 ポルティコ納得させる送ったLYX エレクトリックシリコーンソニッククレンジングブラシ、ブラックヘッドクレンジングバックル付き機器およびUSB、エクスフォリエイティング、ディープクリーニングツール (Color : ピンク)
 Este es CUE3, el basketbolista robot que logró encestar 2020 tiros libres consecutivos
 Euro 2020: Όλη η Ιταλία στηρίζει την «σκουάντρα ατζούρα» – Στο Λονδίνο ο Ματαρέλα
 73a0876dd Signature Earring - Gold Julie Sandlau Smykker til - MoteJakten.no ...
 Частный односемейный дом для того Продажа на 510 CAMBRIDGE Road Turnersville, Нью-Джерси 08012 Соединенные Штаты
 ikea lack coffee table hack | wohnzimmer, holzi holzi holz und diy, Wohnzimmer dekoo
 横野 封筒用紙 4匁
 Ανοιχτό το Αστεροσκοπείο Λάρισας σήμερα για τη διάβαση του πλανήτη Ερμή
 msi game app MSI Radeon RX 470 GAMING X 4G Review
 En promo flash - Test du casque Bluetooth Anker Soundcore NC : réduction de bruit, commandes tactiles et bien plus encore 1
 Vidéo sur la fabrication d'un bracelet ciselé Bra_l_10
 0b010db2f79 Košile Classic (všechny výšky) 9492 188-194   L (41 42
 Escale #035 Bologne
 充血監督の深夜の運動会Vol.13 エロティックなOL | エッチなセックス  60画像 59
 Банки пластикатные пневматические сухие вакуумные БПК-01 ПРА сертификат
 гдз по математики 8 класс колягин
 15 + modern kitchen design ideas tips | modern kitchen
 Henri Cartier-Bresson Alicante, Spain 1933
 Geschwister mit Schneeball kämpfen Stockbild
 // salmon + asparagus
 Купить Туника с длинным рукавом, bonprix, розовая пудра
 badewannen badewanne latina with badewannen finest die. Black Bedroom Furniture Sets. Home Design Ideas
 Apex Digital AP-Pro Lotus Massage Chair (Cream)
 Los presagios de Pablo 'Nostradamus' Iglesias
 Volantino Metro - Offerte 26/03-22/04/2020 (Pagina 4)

# # # # #

WORK REQUIRED –
Starting at the line that has "Частный односемейный дом" in the records above, restate word for word every line until the one that has "Apex Digital AP-Pro", and include that one as well.

TASK RESULT –
 Частный односемейный дом для того Продажа на 510 CAMBRIDGE Road Turnersville, Нью-Джерси 08012 Соединенные Штаты
 ikea lack coffee table hack | wohnzimmer, holzi holzi holz und diy, Wohnzimmer dekoo
 横野 封筒用紙 4匁
 Ανοιχτό το Αστεροσκοπείο Λάρισας σήμερα για τη διάβαση του πλανήτη Ερμή
 msi game app MSI Radeon RX 470 GAMING X 4G Review
 En promo flash - Test du casque Bluetooth Anker Soundcore NC : réduction de bruit, commandes tactiles et bien plus encore 1
 Vidéo sur la fabrication d'un bracelet ciselé Bra_l_10
 0b010db2f79 Košile Classic (všechny výšky) 9492 188-194   L (41 42
 Escale #035 Bologne
 充血監督の深夜の運動会Vol.13 エロティックなOL | エッチなセックス  60画像 59
 Банки пластикатные пневматические сухие вакуумные БПК-01 ПРА сертификат
 гдз по математики 8 класс колягин
 15 + modern kitchen design ideas tips | modern kitchen
 Henri Cartier-Bresson Alicante, Spain 1933
 Geschwister mit Schneeball kämpfen Stockbild
 // salmon + asparagus
 Купить Туника с длинным рукавом, bonprix, розовая пудра
 badewannen badewanne latina with badewannen finest die. Black Bedroom Furniture Sets. Home Design Ideas
 Apex Digital AP-Pro Lotus Massage Chair (Cream)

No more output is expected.